[PROBLEM TO WORK ON] Write out the lines of the material below exactly, beginning at the line with "A clear creek" and stopping after the line with "A meatless lasagna", and leave out the pictures.

[SUPPLIED DATA]
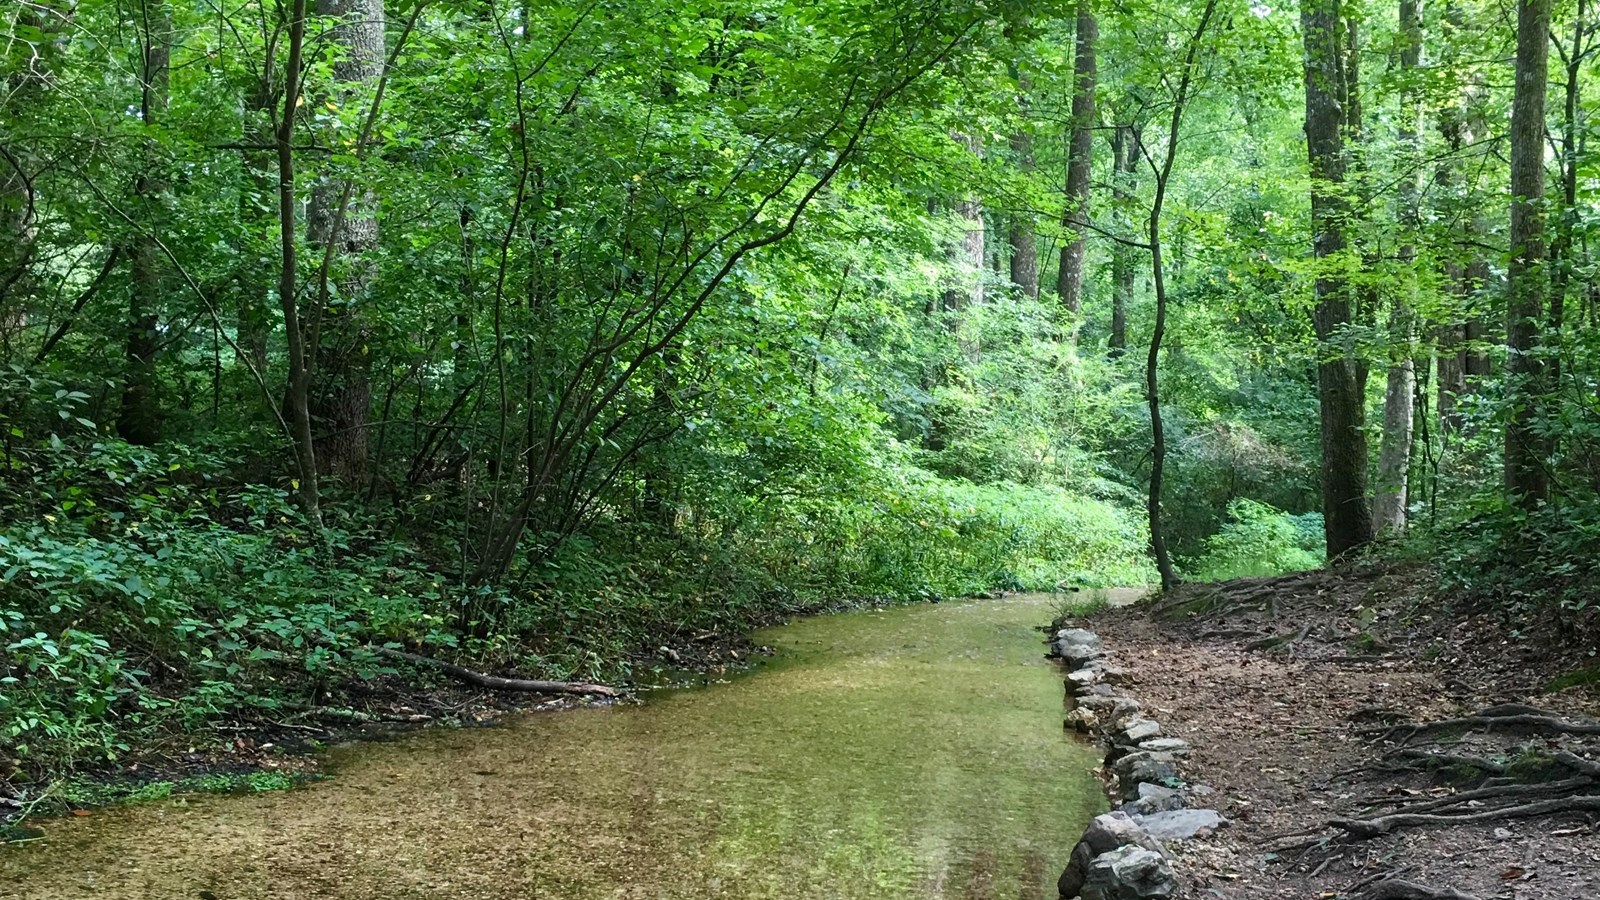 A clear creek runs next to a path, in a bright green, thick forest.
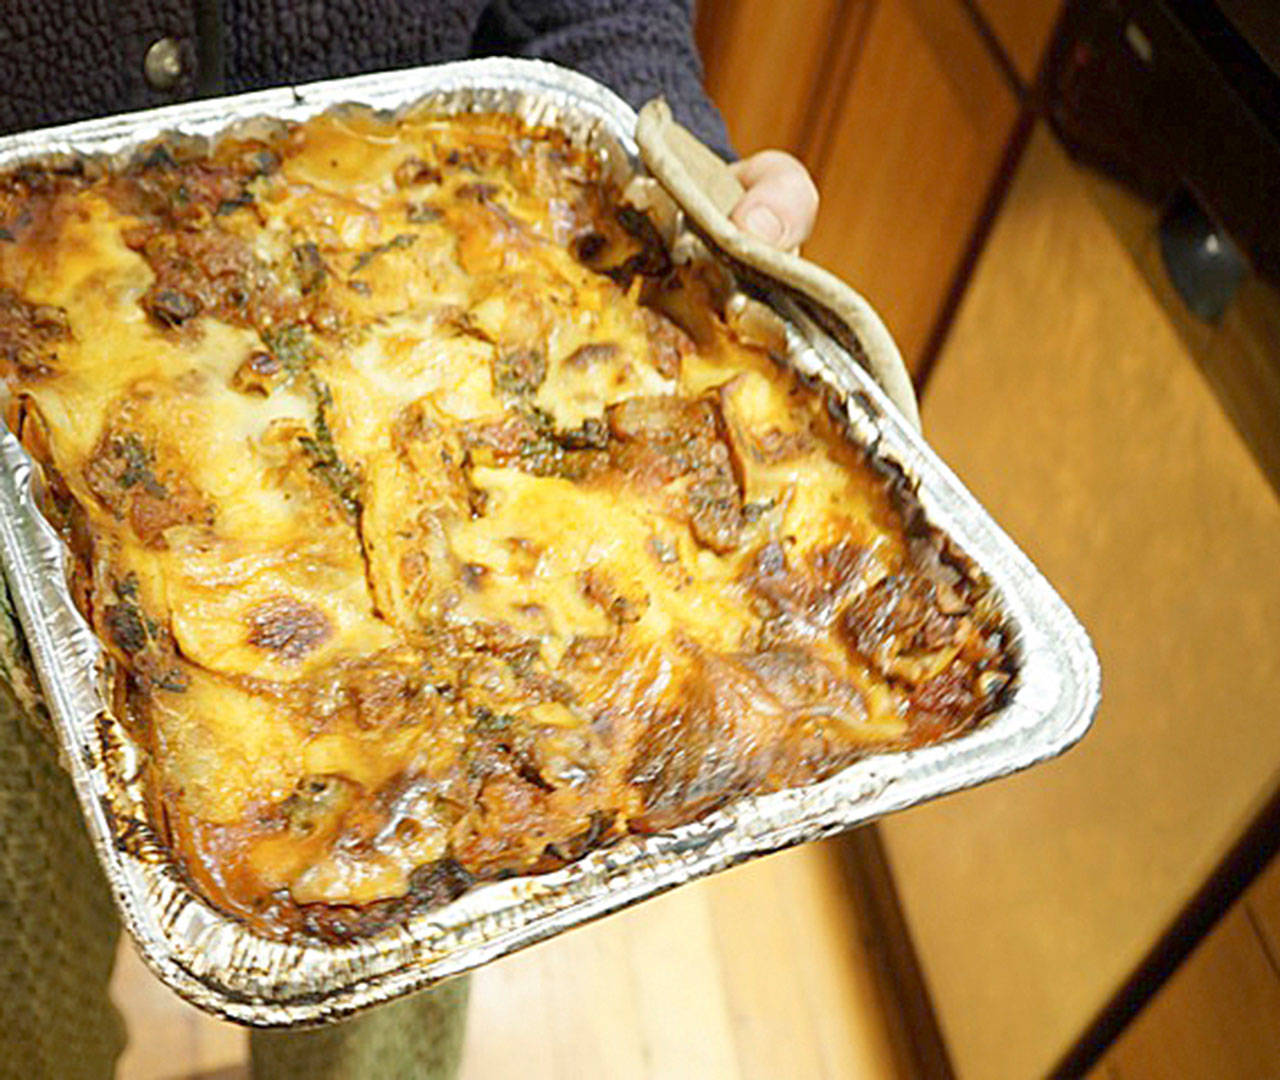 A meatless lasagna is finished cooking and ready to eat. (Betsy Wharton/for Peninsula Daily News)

---

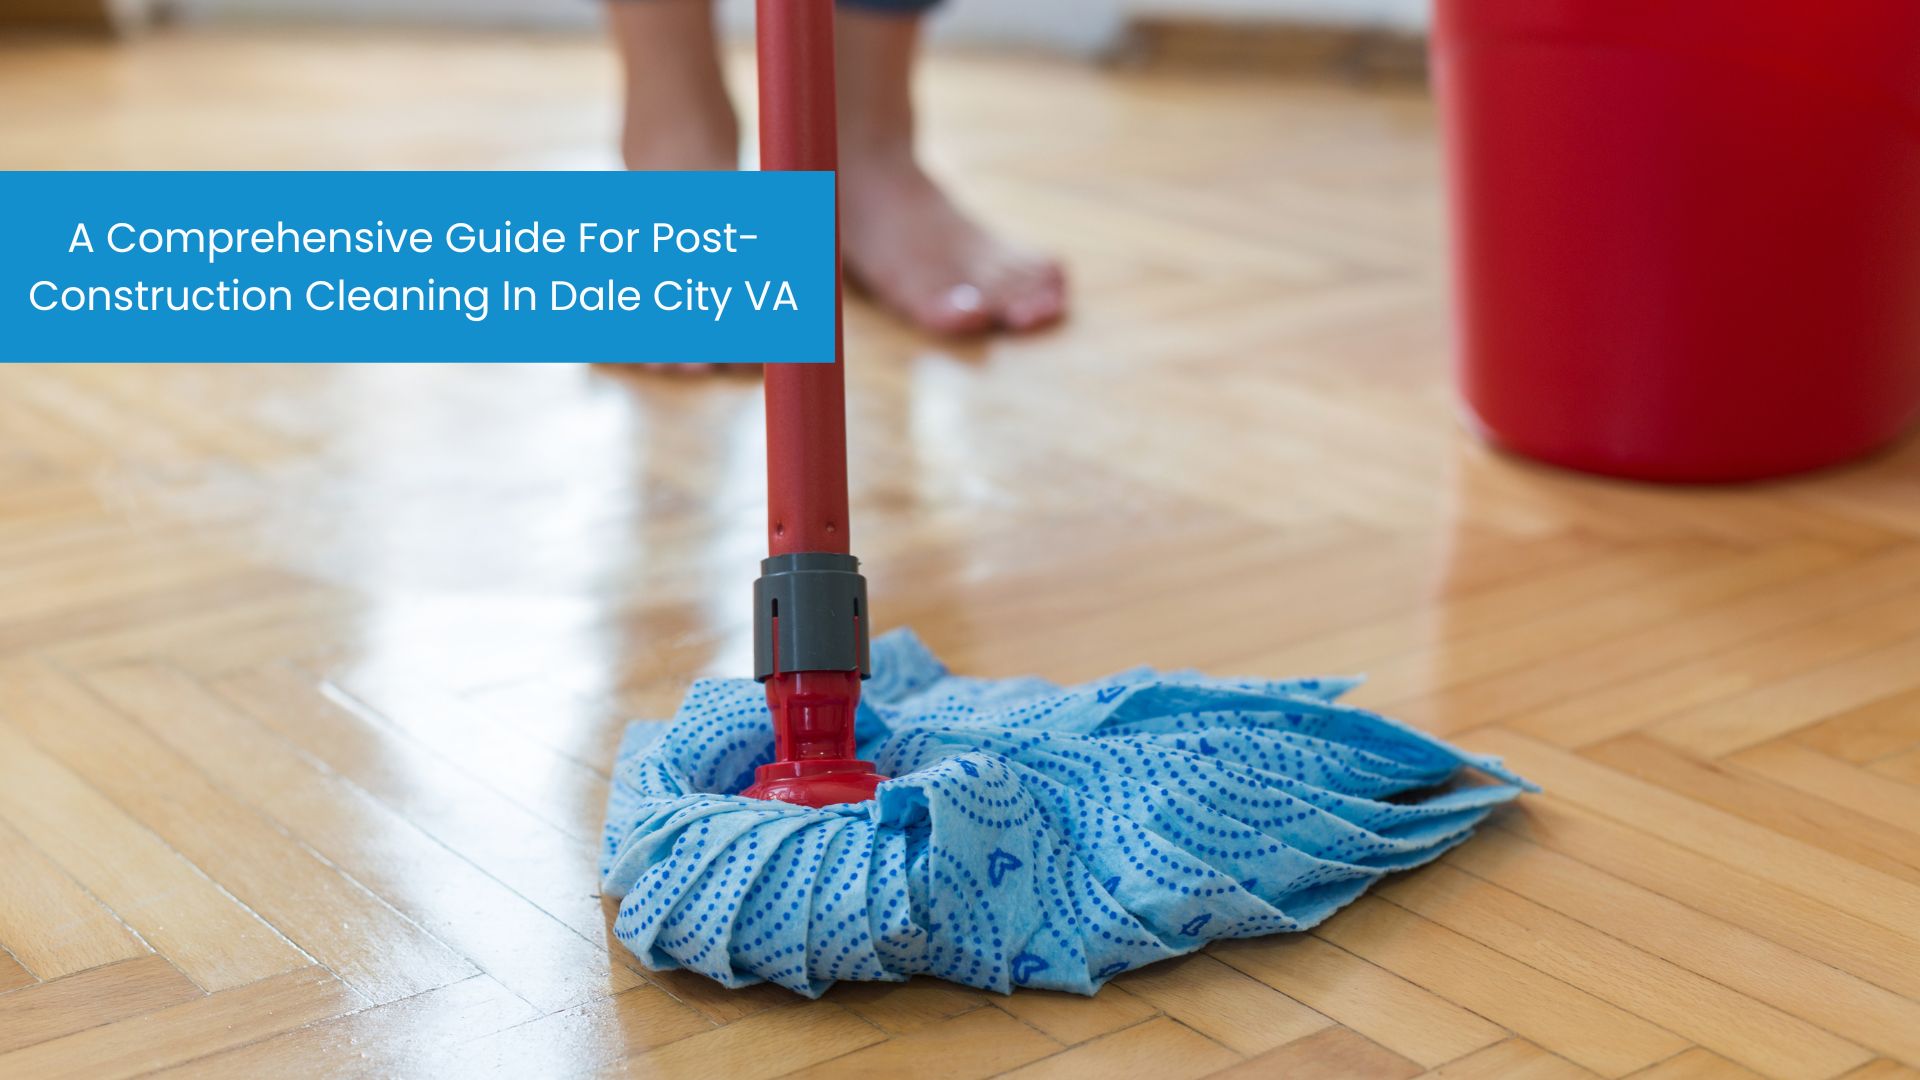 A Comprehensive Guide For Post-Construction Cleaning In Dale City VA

[WRITTEN SOLUTION]
 A clear creek runs next to a path, in a bright green, thick forest.
 A meatless lasagna is finished cooking and ready to eat. (Betsy Wharton/for Peninsula Daily News)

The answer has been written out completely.